The second question is not whether, but when. Can the President avoid indictment while in office? But again, there is no language in the Constitution saying he enjoys any such protection. The Department of Justice itself has made this argument before with regards to Article I Officers. I saw it first-hand. During the then–Vice President Spiro Agnew bribery investigation, our legal team argued on behalf of the Vice President that because he was subject to impeachment under Article II, Section 4, he was immune from criminal prosecution unless and until he had been impeached by the House and convicted by the Senate. In effect, we argued that the Vice President had to be impeached and removed from office first — and then criminal charges could proceed. The Department vigorously rejected that claim. They insisted there was nothing in the Constitution that said impeachment was the exclusive remedy for crimes committed by Article I Officers: the Vice President and, by logical extension, the President could be subject to both impeachment and indictment, even if those proceedings were pursued simultaneously. Surprising no one, the Department was quick to nonetheless urge that President Nixon was immune yet Vice President Agnew was not. But that was based on derived argument — not on the hard Constitutional language that self-proclaimed “conservative” jurists insist is the only real guide to Constitutional interpretation. And the current president has certainly made clear that “conservative” judges are the only ones he will appoint.

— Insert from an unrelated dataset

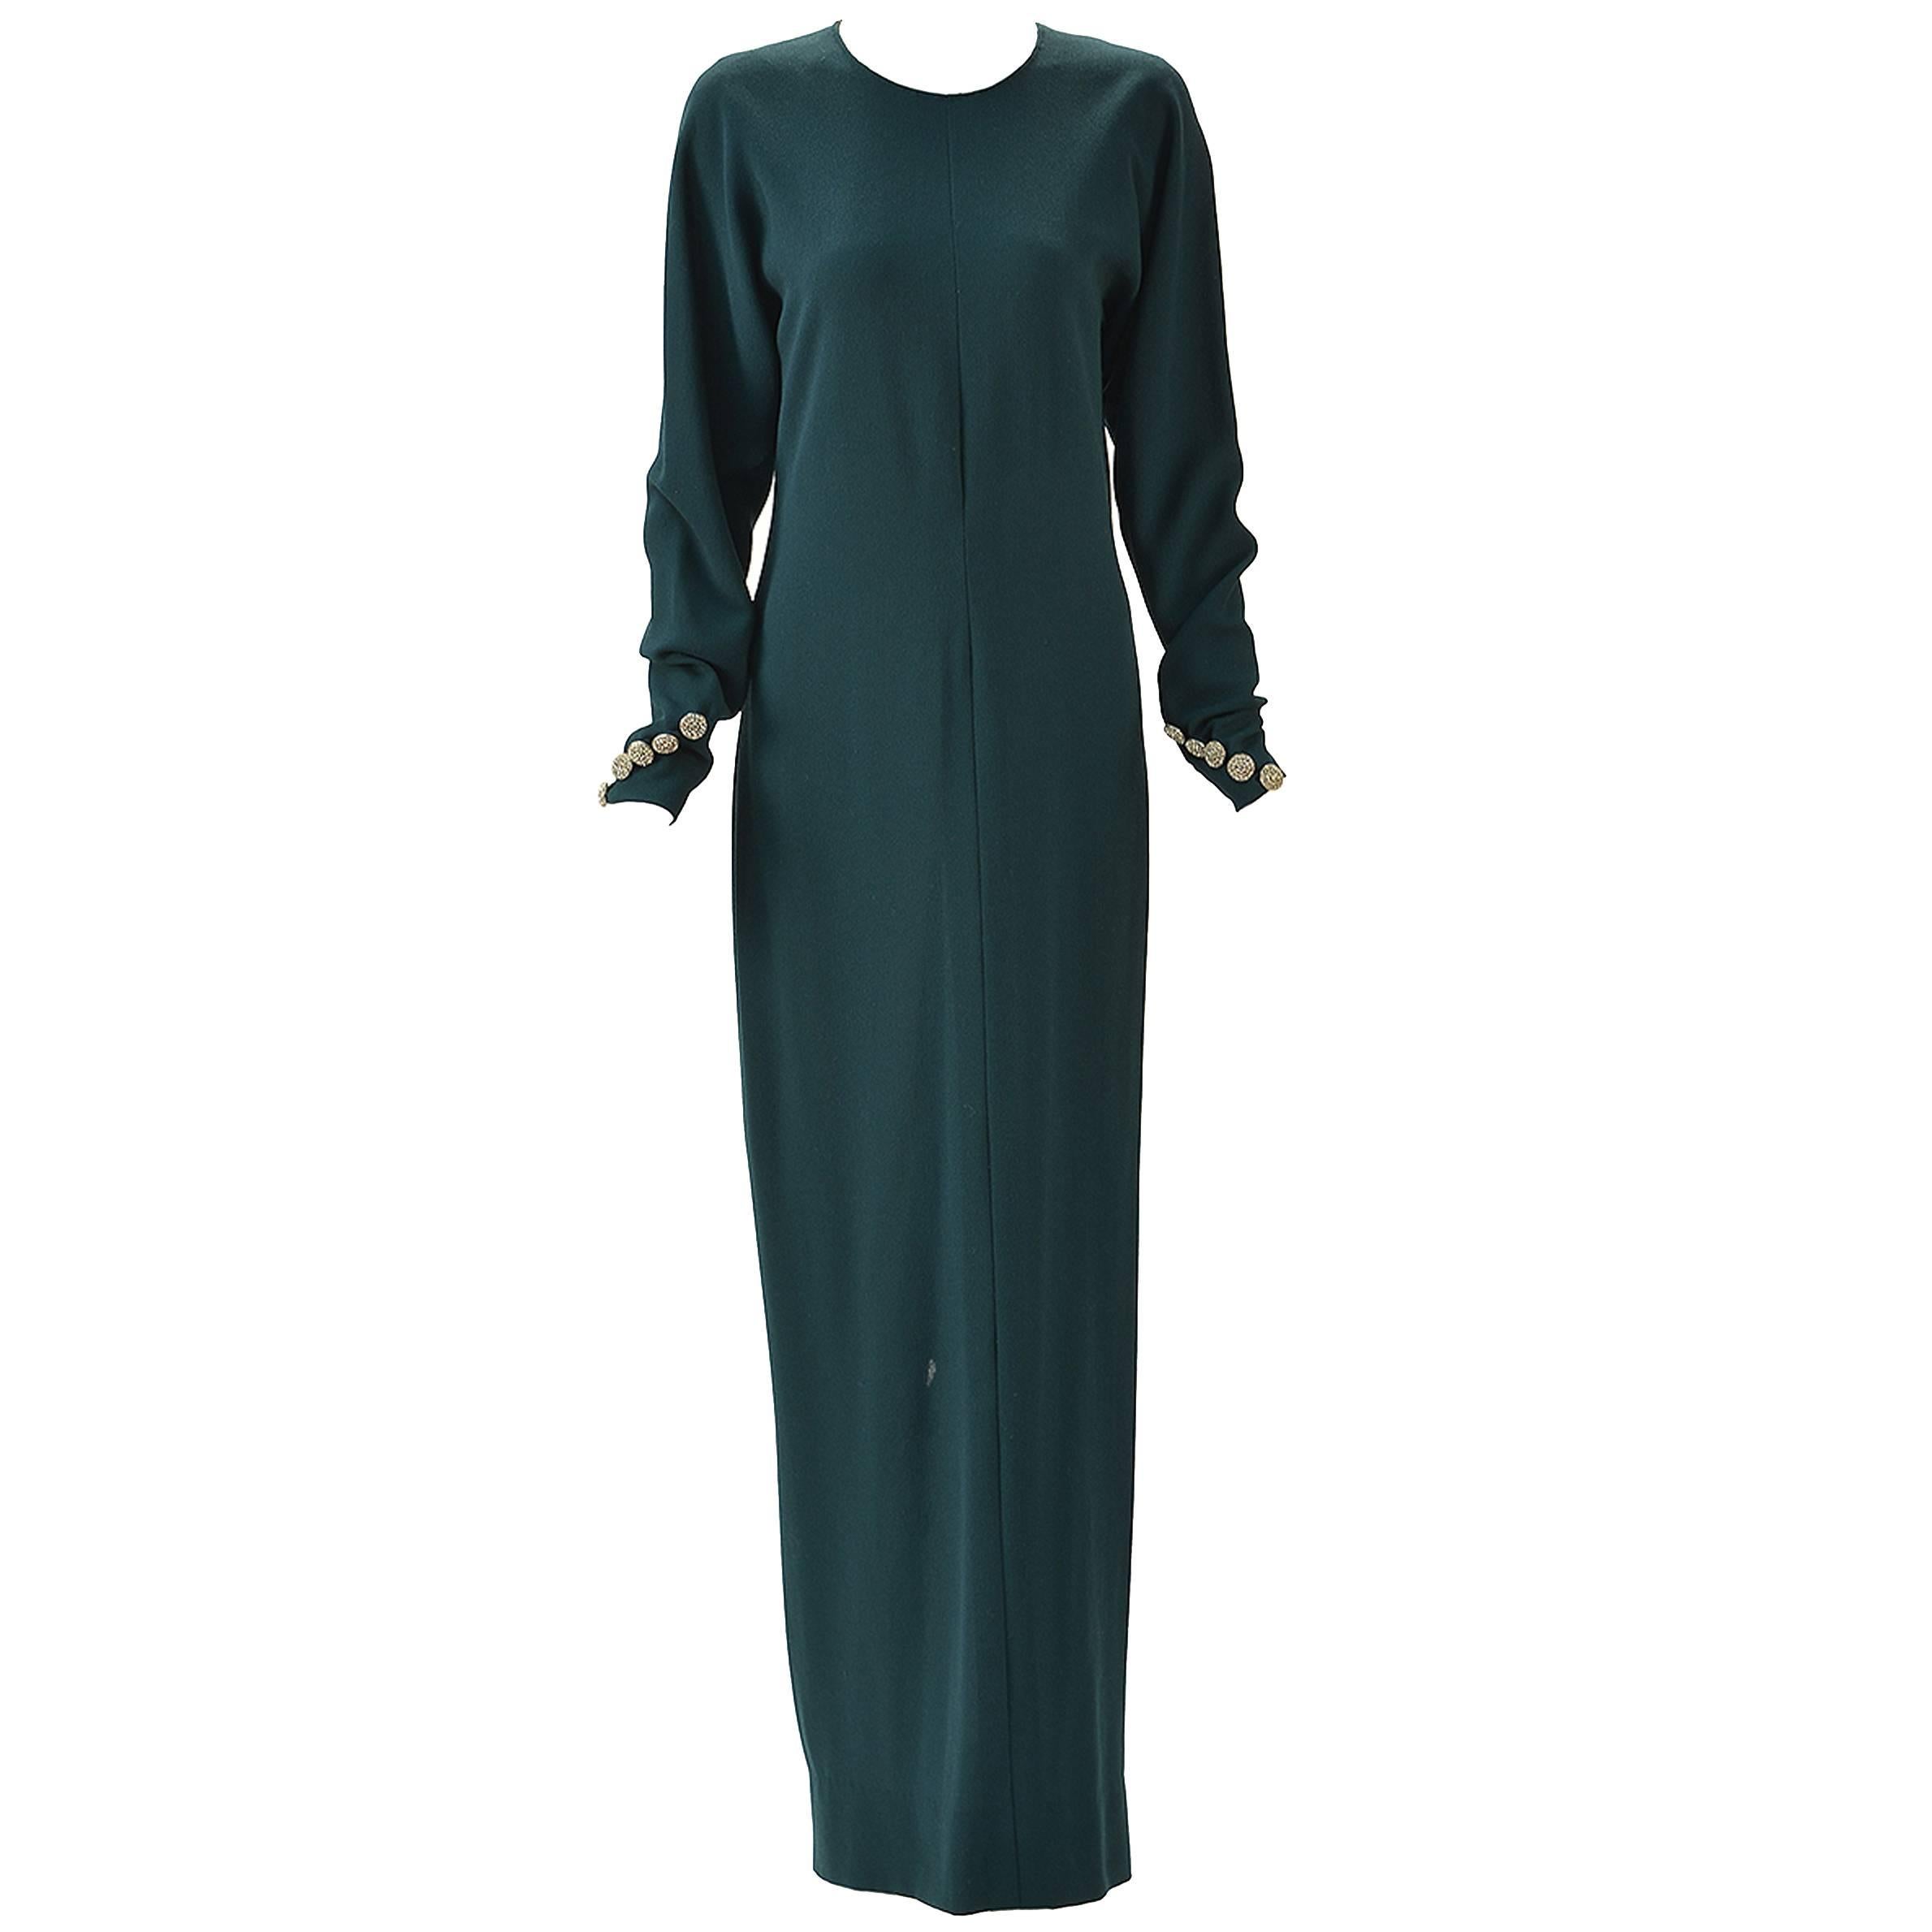 This gorgeous and glamorous Galanos long green dress is the elegance you need in your life. Scoop neck with long bat-wing sleeves are buttoned at cuffs with five silver rhinestone buttons. Open back tying at neck. Gathered at waist with back zipper.

A Nixon indictment for his evident criminal conduct in obstructing justice regarding the Watergate break-in and cover-up would certainly have produced an interesting legal battle. But the prosecutors dodged the question by naming him a co-conspirator and not a defendant. So the issue remains judicially undetermined.
Does the recent revelation that Trump went so far as to issue a directive to fire Mueller add weight to an obstruction count? Did the President add to the proof of obstruction by offering three absurd reasons for his decision? Does the President’s claim that he is absolutely immune from criminal process while in office offend the fundamental precepts of the Founders?
The answers to all three questions is “yes.”
If Special Counsel Mueller finds evidence to bring criminal charges against the sitting President, he should obtain a Grand Jury indictment and proceed. If the President wants to fight the legality of the indictment, he should do so in court — not by means of craven Congressmen publishing spurious claims about the integrity of Mueller and his team. That campaign is more than divisive. It smacks of political venality and is a threat to the architecture of our constitutional democracy.